We have a pretty long list of topics in spatial (and spatio-temporal) statistics. Most of these can be further tailored to fit the student's background. We recommend the module "STA330 Modeling Dependent Data" for these projects.

A non-exhaustive list is as follows:

### Cholesky factorization of sparse matrices

In the setting of multivariate Gaussian random vectors, generating samples or evaluating the likelihood is computationally demanding, especially in large dimensions. An algorithm of choice is the Cholesky factorization of the underlying covariance matrix such that the determinant and the quadratic form of the density can be evaluated relatively fast.

The main objective is a (numerical) complexity analysis of the Cholesky factorization implemented in the R package spam and compare the performance to alternative factorizations. Ideally, an existing approximate minimal degree algorithm will embedded in the *spam* environment.

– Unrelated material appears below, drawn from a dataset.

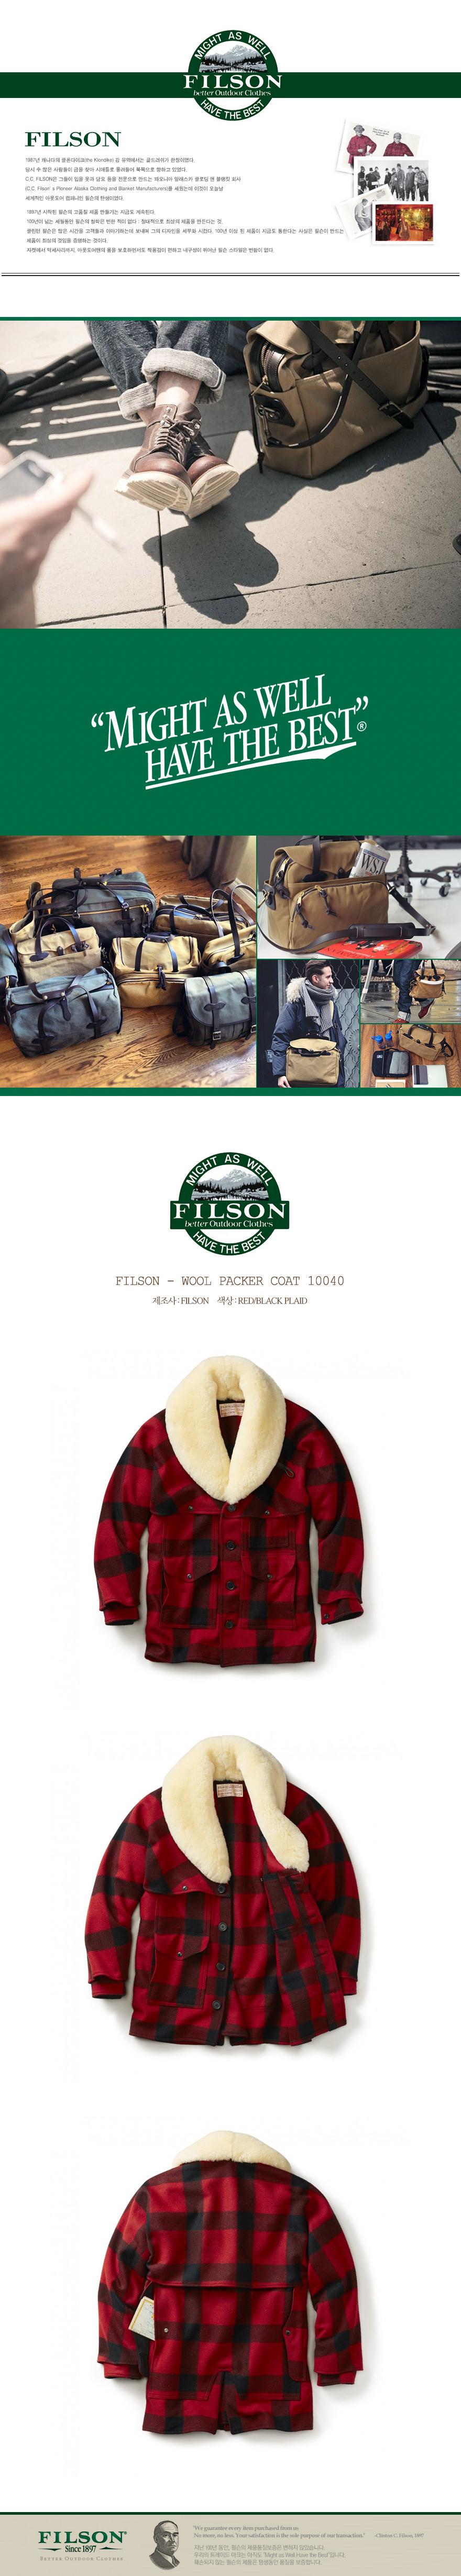 [필슨]FILSON - Wool Packer Coat 10040 (Red/Black Plaid) 정품 울 패커 코트 자켓 울패커 울패커코트
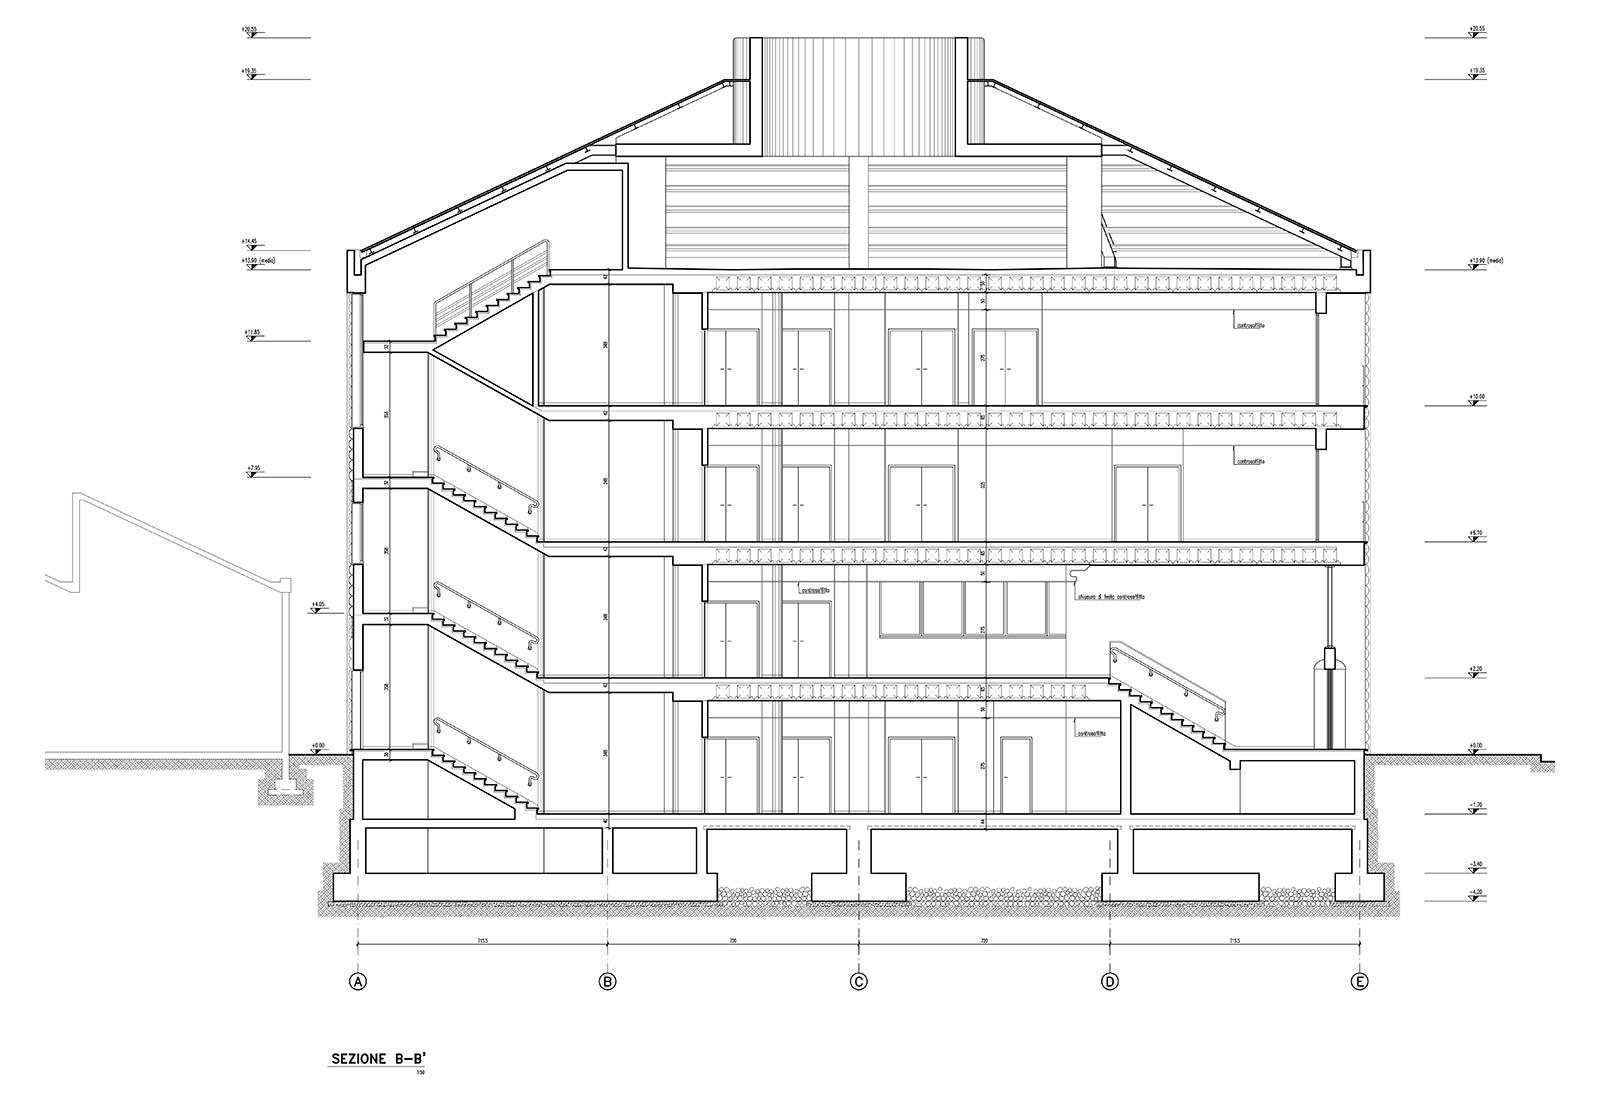 Edificio 25 Politecnico di Milano - Sezione

### Gaussian equivalent measures

In the context of a bounded and fixed domain, it is impossible to differentiate between specific covariance models based on data only. More specifically, two different Gaussian measures are equivalent. This fact is used to work with computationally simpler models. The theoretical assumptions for equivalence are explicit, but often practical recommendations still need to be elucidated. The thesis elaborates on the assumptions for specific parameter settings and incorporates a simulation study illustrating the practical aspect of the approximation.

### Computational and statistical efficiency of a 32-bit Cholesky factorization

When working with Gaussian likelihoods, one is confronted with calculating the log-determinant of the covariance matrix and solving a linear system based on the covariance matrix. In case of sparse matrices, both steps can be efficiently accomplished after a Cholesky factorization (based on dedicated algorithms).